→ What you are asked to do
A verbatim copy of the entries is the required answer.

★ ★ ★ ★ ★

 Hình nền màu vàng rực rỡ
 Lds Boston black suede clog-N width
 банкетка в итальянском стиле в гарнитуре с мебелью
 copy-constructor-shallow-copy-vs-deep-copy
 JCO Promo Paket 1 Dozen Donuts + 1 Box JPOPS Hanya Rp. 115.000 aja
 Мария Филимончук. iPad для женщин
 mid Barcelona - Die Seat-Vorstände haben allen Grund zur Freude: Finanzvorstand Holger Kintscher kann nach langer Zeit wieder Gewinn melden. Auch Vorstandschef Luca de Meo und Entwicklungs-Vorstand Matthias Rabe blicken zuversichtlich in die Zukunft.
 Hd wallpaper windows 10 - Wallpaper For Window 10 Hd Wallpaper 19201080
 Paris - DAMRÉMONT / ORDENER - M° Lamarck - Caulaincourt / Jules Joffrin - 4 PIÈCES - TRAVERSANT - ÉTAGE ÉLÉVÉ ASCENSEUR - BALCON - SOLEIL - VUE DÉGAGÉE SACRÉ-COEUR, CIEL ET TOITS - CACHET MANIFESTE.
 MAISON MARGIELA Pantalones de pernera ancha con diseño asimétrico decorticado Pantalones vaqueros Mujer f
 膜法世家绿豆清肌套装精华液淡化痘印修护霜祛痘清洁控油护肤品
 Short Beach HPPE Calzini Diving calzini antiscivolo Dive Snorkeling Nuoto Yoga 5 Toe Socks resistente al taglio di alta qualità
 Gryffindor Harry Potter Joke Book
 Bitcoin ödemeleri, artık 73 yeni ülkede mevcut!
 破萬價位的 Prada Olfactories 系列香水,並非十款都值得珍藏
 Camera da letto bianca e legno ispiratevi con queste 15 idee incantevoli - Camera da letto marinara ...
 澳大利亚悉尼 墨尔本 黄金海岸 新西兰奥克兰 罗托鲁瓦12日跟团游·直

★ ★ ★ ★ ★

→ Solution to the exercise
 Hình nền màu vàng rực rỡ
 Lds Boston black suede clog-N width
 банкетка в итальянском стиле в гарнитуре с мебелью
 copy-constructor-shallow-copy-vs-deep-copy
 JCO Promo Paket 1 Dozen Donuts + 1 Box JPOPS Hanya Rp. 115.000 aja
 Мария Филимончук. iPad для женщин
 mid Barcelona - Die Seat-Vorstände haben allen Grund zur Freude: Finanzvorstand Holger Kintscher kann nach langer Zeit wieder Gewinn melden. Auch Vorstandschef Luca de Meo und Entwicklungs-Vorstand Matthias Rabe blicken zuversichtlich in die Zukunft.
 Hd wallpaper windows 10 - Wallpaper For Window 10 Hd Wallpaper 19201080
 Paris - DAMRÉMONT / ORDENER - M° Lamarck - Caulaincourt / Jules Joffrin - 4 PIÈCES - TRAVERSANT - ÉTAGE ÉLÉVÉ ASCENSEUR - BALCON - SOLEIL - VUE DÉGAGÉE SACRÉ-COEUR, CIEL ET TOITS - CACHET MANIFESTE.
 MAISON MARGIELA Pantalones de pernera ancha con diseño asimétrico decorticado Pantalones vaqueros Mujer f
 膜法世家绿豆清肌套装精华液淡化痘印修护霜祛痘清洁控油护肤品
 Short Beach HPPE Calzini Diving calzini antiscivolo Dive Snorkeling Nuoto Yoga 5 Toe Socks resistente al taglio di alta qualità
 Gryffindor Harry Potter Joke Book
 Bitcoin ödemeleri, artık 73 yeni ülkede mevcut!
 破萬價位的 Prada Olfactories 系列香水,並非十款都值得珍藏
 Camera da letto bianca e legno ispiratevi con queste 15 idee incantevoli - Camera da letto marinara ...
 澳大利亚悉尼 墨尔本 黄金海岸 新西兰奥克兰 罗托鲁瓦12日跟团游·直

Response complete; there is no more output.